Analysis of membrane proteins.

OMPs and inner membrane proteins (IMPs) were isolated from lysed total cell proteins by Sarkosyl separation as described previously (31). IMPs purified from 100 μg of total proteins and OMPs purified from 1 mg of total proteins were separated by SDS-PAGE and stained with Coomassie brilliant blue. The band intensities of OMPs were evaluated using densitometric scanning (Image Master 1D Elite; GE Healthcare, Buckinghamshire, United Kingdom). Protein bands were excised from gels, and the identification procedure was followed as previously described (20). The protein concentration was determined by the Bradford method (3).

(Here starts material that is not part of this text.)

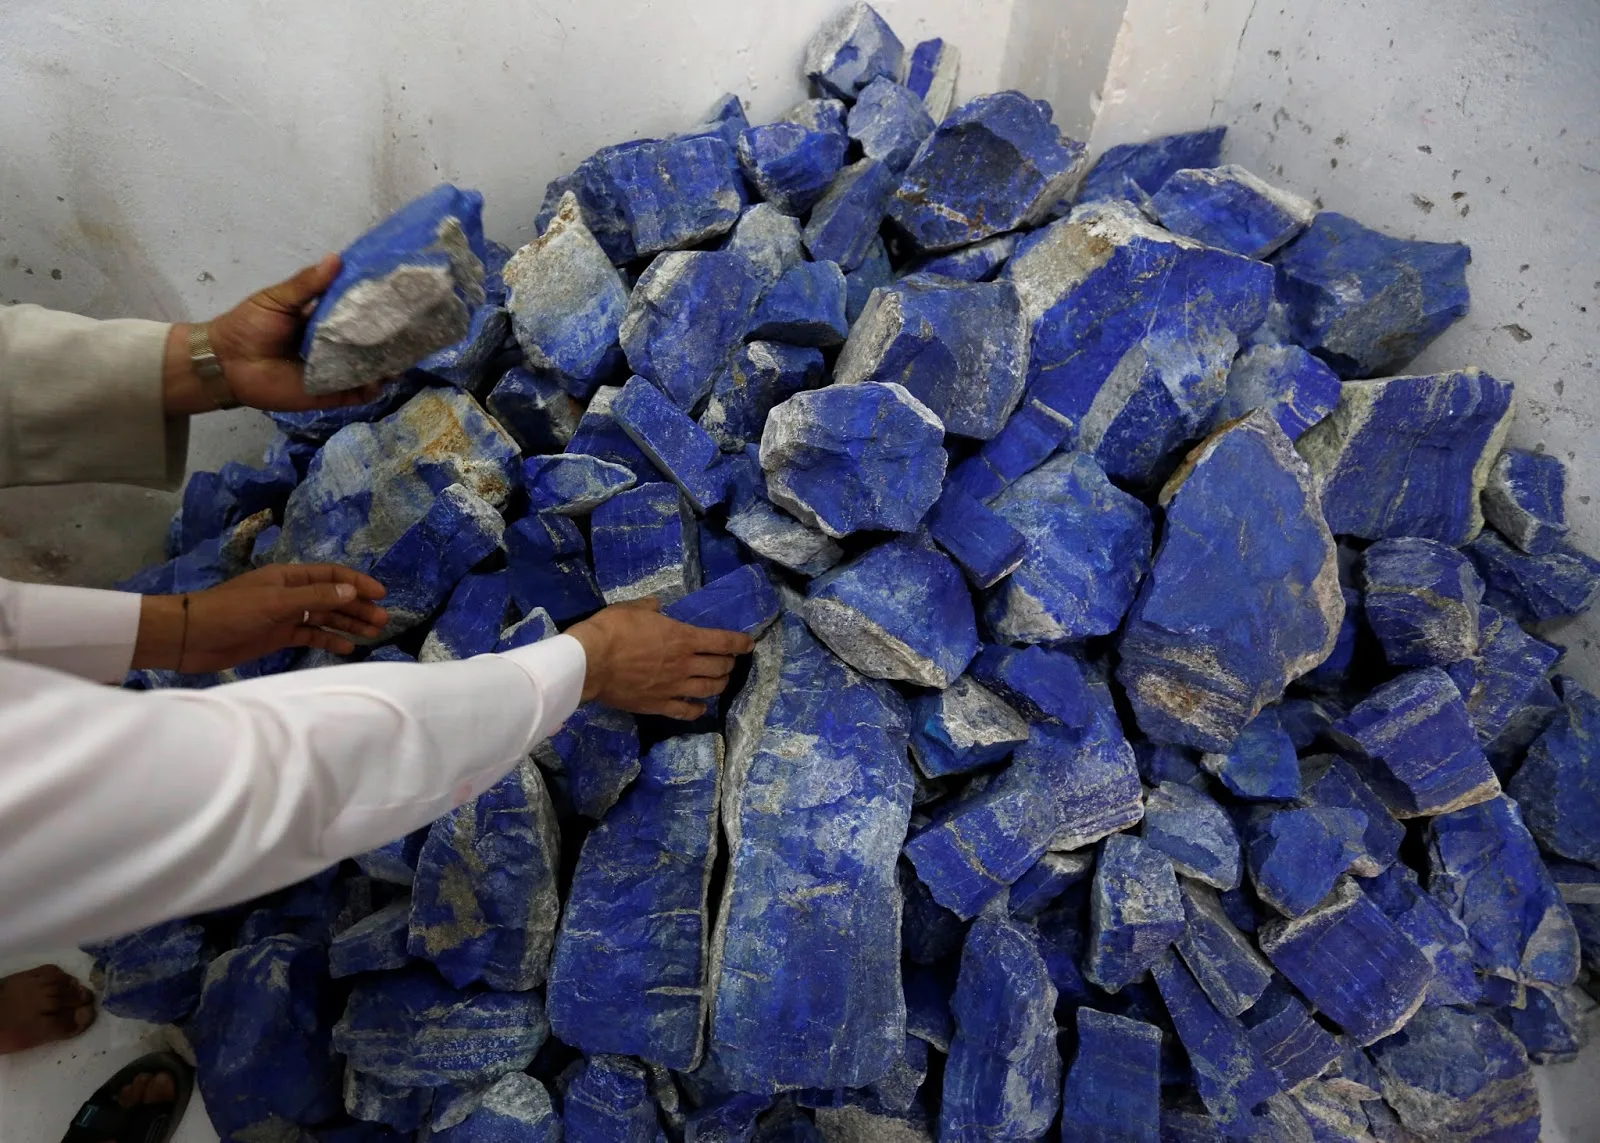 قيمة الثروة المعدنية في أفغانستان تقدر بنحو تريليون دولار

Preparation of antibodies.

After amplification of DNA fragments using chromosomal DNA of PAO1 as a template with Fopr867 (5′-GGAATTCGAGGTTCACGCCGAGTCCTTCACTG-3′) and Ropr866 or Fopr868 (5′-GGAATTCTACGGATCCACCGAGCGCCTGC-3′) and Ropr869 (5′-CCGCTCGAGGTTGTCGGTCTTGATGCCGTCG-3′), the amplified DNA fragments were digested with EcoRI/HindIII or EcoRI/XhoI (underlined) and ligated into pGEX6P1 to yield pGEXp86 and pGEXo86, and these plasmids were introduced into E. coli BL21. The transformants were cultured at 37°C in LB liquid medium containing ampicillin. At an optical density at 600 nm (OD₆₀₀) of 0.5, the culture medium was rapidly chilled to 20°C, induced with 100 μM IPTG, and incubated for an additional 3 h at 20°C. After harvesting cells by centrifugation, the pellet was resuspended in 50 mM phosphate buffer (pH 7.5) and disrupted ultrasonically. After adding Triton X-100 (final concentration of 1%) and incubating at 4°C for 30 min, unbroken cells were eliminated by centrifugation. The hybrid proteins were purified by Bulk and RediPack glutathione S-transferase (GST) purification modules (GE Healthcare), and the GST was removed with PreScission protease (GE Healthcare). Antisera against p-Opr86 or o-Opr86 were produced by immunizing infant Japanese White rabbits. Doses of antigen (0.3 mg) were emulsified in complete Freund's adjuvant (BD Biosciences, San Jose, CA) and immunized for priming. Two boosts at 2 and 4 weeks with another 0.1-mg dose of protein in incomplete Freund's adjuvant were performed, and then sera were collected at 6 weeks. Antiserum against PAO1 was generated by using the same protocols except that a heat-inactivated bacterial preparation was used as the immunogen (10⁸ CFU per dose). For purification of IgG, proteins in rabbit serum were extracted by ammonium sulfate precipitation in 60% (wt/vol) saturated ammonium sulfate. After desalting with HiTrap (GE Healthcare), IgG was purified from the extracted proteins by HiTrap protein A HP (GE Healthcare). The fractions of protein were detected at 280 nm.

Scanning electron microscopy observation.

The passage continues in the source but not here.